Wigan Album
Standish
4 CommentsPhoto: RON HUNT
Item #: 24860
What a fantastic building. This is when the clergy were provided with huge houses a housekeeper, gardener etc. Is the Rectory still standng?
Well, not quite, Henry7 - some clergy could afford to provide themselves with a full complement of servants - the Church itself would not employ them. They might have had independent means (younger sons of the gentry, for instance, were quite commonly sent into the Church - to be employed by their family as Incumbent for a Parish they were Patrons of), or have had one of the more lucrative livings - the old Parishes had glebe lands attached from which the Incumbent would be entitled to the rental income. In the bad old days some such Incumbents would hardly visit their Parishes, but would employ another clergyman to run the Parish, usually on a pittance - but even they would follow the custom of their class and have at least a maid in the house. The Great War caused many middle class households to enter the modern world as their gardeners went to fight and their maids went to make munitions.
The inequalities in Clergy pay only ended in the 1960s, when all the income from glebe lands etc was pooled and all Incumbents (Vicars and Rectors) went onto a more or less equal national wage - very egalitarian.

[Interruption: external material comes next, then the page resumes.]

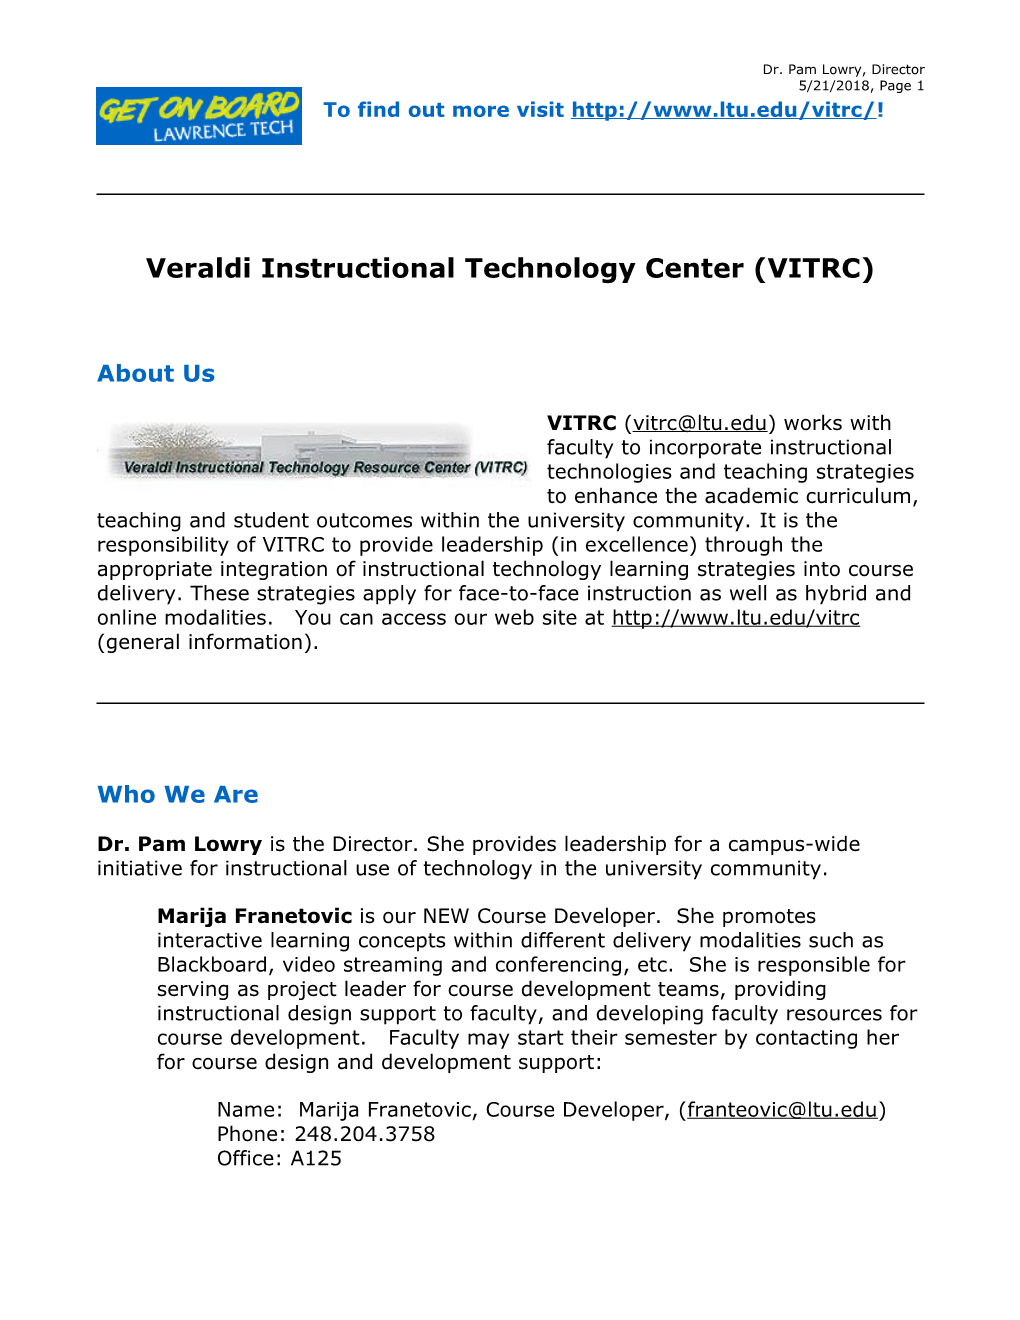 Veraldi Instructional Technology Resource Center (VITRC)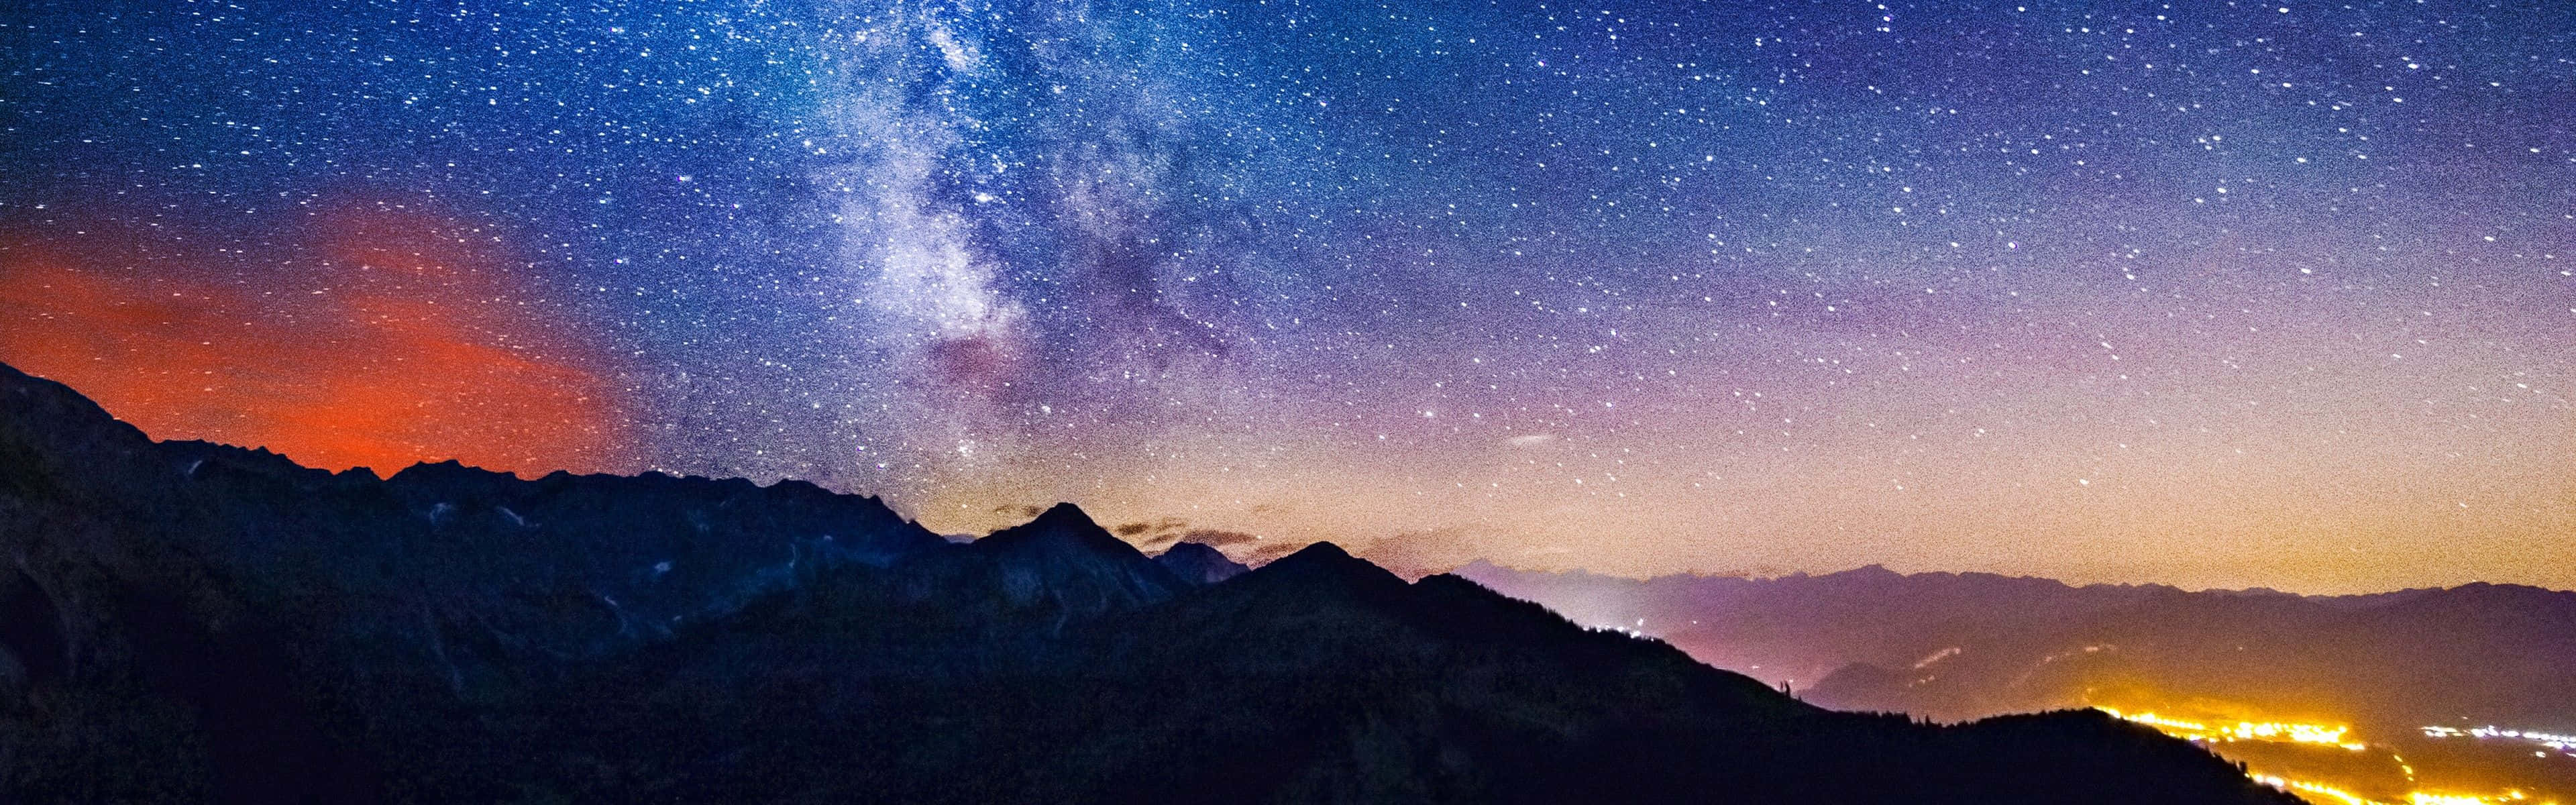 Estrellasy Nebulosas Sobre La Cima De La Montaña - Fondo De Pantalla Ideal Para Tu Monitor

The stables of this Rectory are still there - as The Owls Restaurant. Another house, Bryn Mount on Wigan Lane, was bought as the new, more modest, Rectory in 1943, but that (now the Old Rectory Nursing Home) was sold in 1965 to pay for the even more modest Rectory in use now, back on Rectory Lane.
Thank you Reverand for that information it is all very interesting. I always imagine the clergy of old living in lovely big houses with at least a couple of staff, that's how they were portrayed in many old stories and films, maybe I have been influenced by them too much. WW1 certainly made people think about their status in society especially the middle classes. Like you say, the salary for the clergy was much fairer when it was reviewed in the 1960's. Thanks again for the information.
The 1881 census shows the rector, the rev. William H. Brandreth living here with his wife and son, 3 daughters, a cook, a kitchenmaid, 2 housemaids, a lady's maid, a footman and a gardener plus a coachman and a groom living in the Rectory Yard next door. They seemed to have managed without a butler.